(WASHINGTON) -- The White House is considering deep cuts to programs and staffing at the Environmental Protection Agency as part of its first federal budget process, according to administration and environmental community sources.
A draft EPA budget document obtained by ABC News includes the virtual elimination of 38 EPA programs, including initiatives to clean up and restore the San Francisco Bay, Lake Champlain and Long Island Sound. The Great Lakes Restoration Initiative would be all but eliminated, going from $300 million budgeted in fiscal 2016 to $10 million in fiscal 2018 -- a 97 percent cut.
Overall, the administration is considering a 25 percent reduction in the annual EPA budget from $8.25 billion to $6.15 billion and a resulting reduction in workforce of 19 percent, about 3,000 full-time employees, according to the draft.

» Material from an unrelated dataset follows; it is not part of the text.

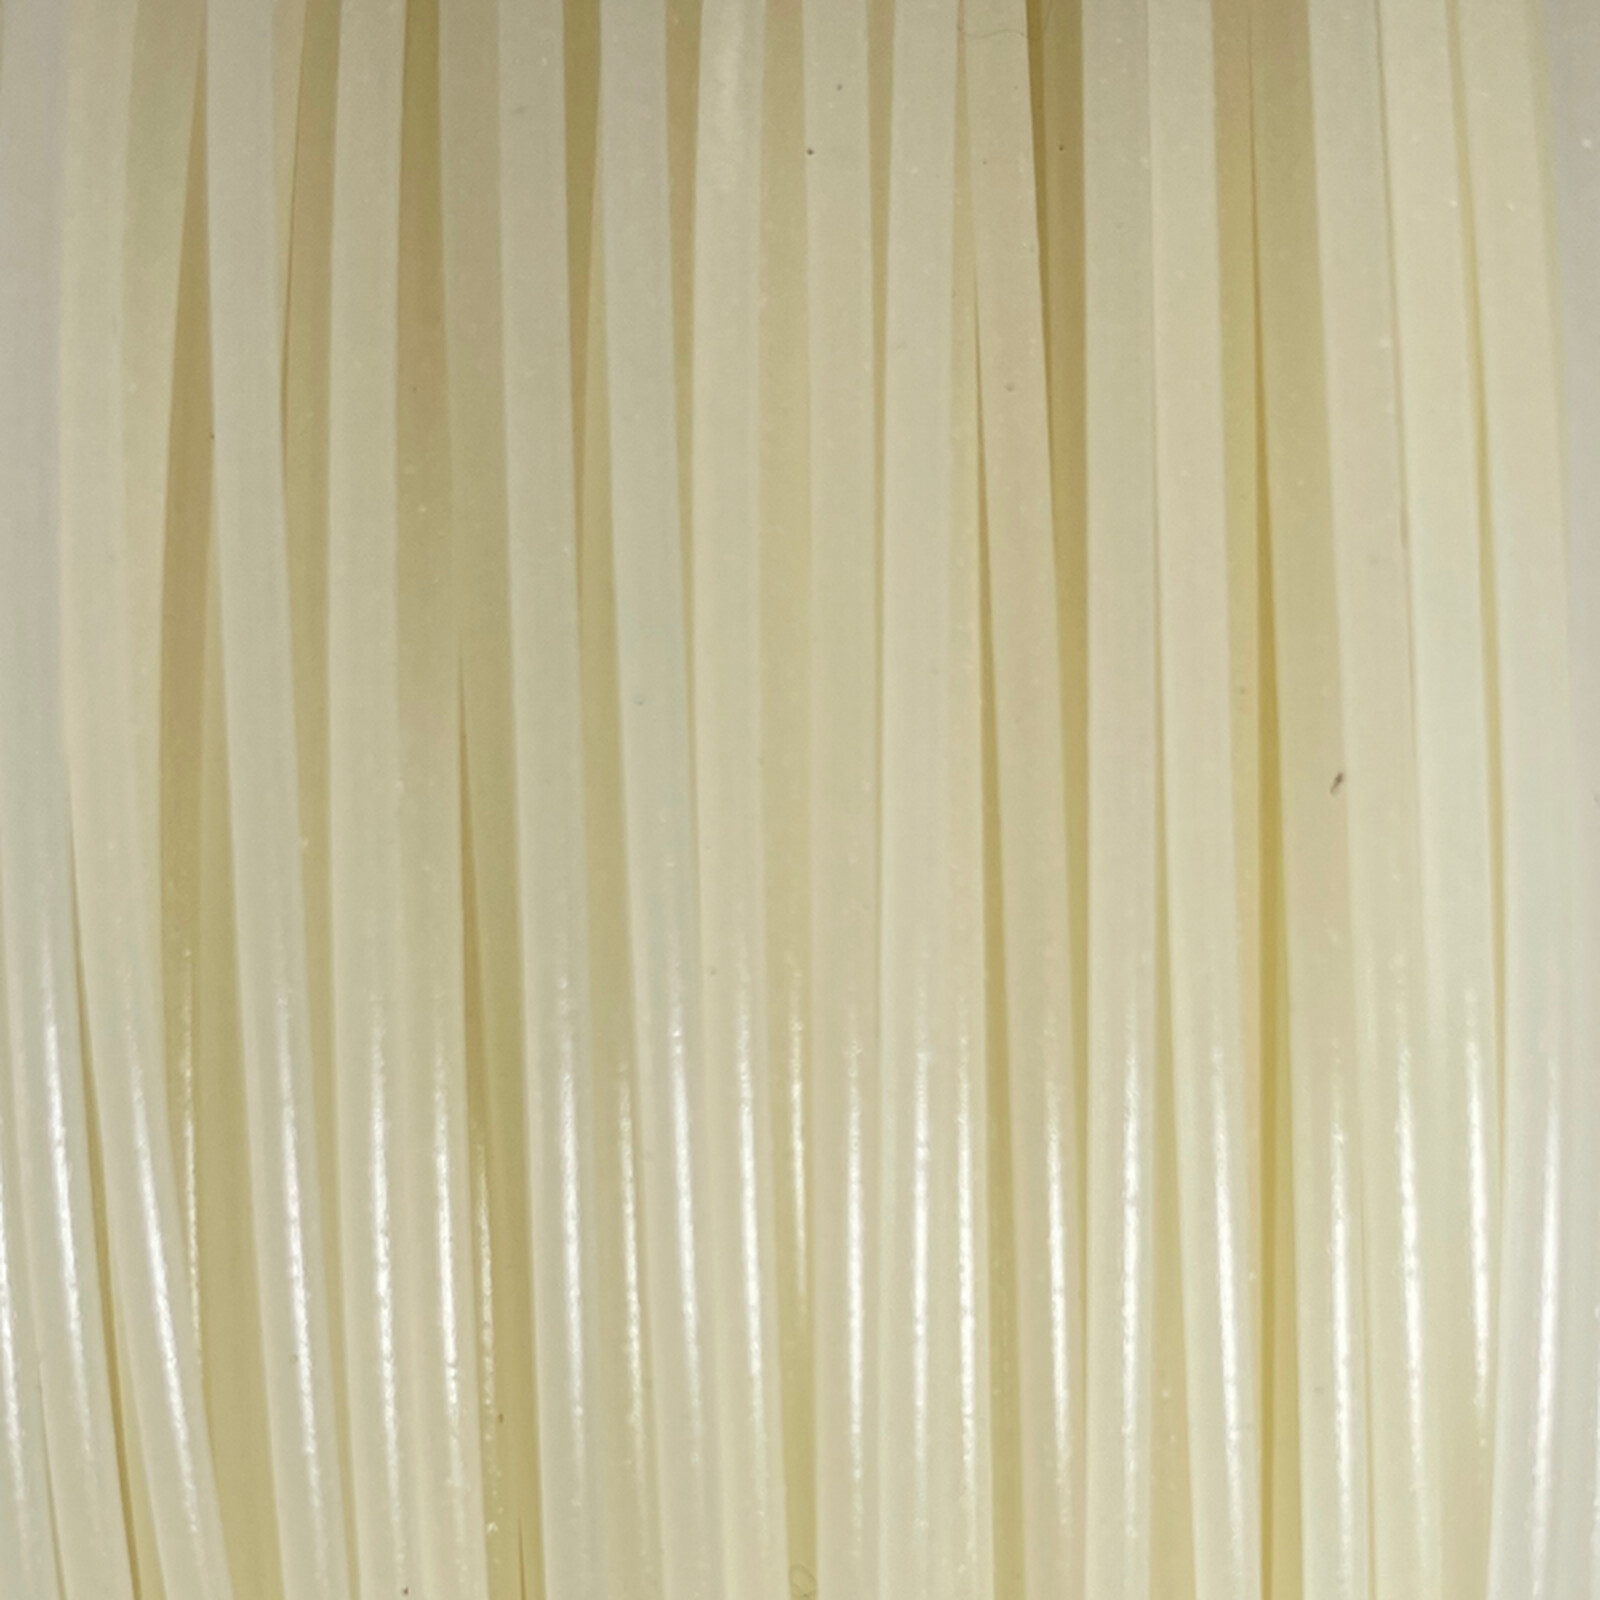 Filament Chromatik PLA 1.75mm - Blanc Perle (750g)

"People will get sick or die if these cuts are made," said Bill Becker, executive director of the National Association of Clean Air Agencies, which received a copy of the draft from an administration official and shared it with ABC News.
A White House official confirmed the authenticity of the document to ABC News, but said it was an early draft.
"These are moving targets. Nothing is accurate until they are final," the White House official said.
The EPA declined to comment, but in an interview with CNN earlier this week, EPA Administrator Scott Pruitt said the agency is still deciding where to make cuts.
“As far as the budget is concerned, that process is just beginning. Obviously lots of discussions will take place between the executive branch and congress and we'll work through the process in the right way,” said Pruitt.
President Trump has called for a $54 billion increase in defense spending and corresponding cuts across other federal agencies as he prepares to submit his full proposal to Congress. The EPA document is an early look at the types of cuts those agencies may be preparing to make.
"The budget blueprint will be released in mid-March. It would be premature for us to comment on – or anyone to report – the specifics of this internal discussion before its publication," John Czwartacki, OMB communications director, told ABC News.
"The president and his cabinet are working collaboratively to create a budget that keeps the president’s promises to secure the country and be more mindful of every taxpayer’s dollar," he said.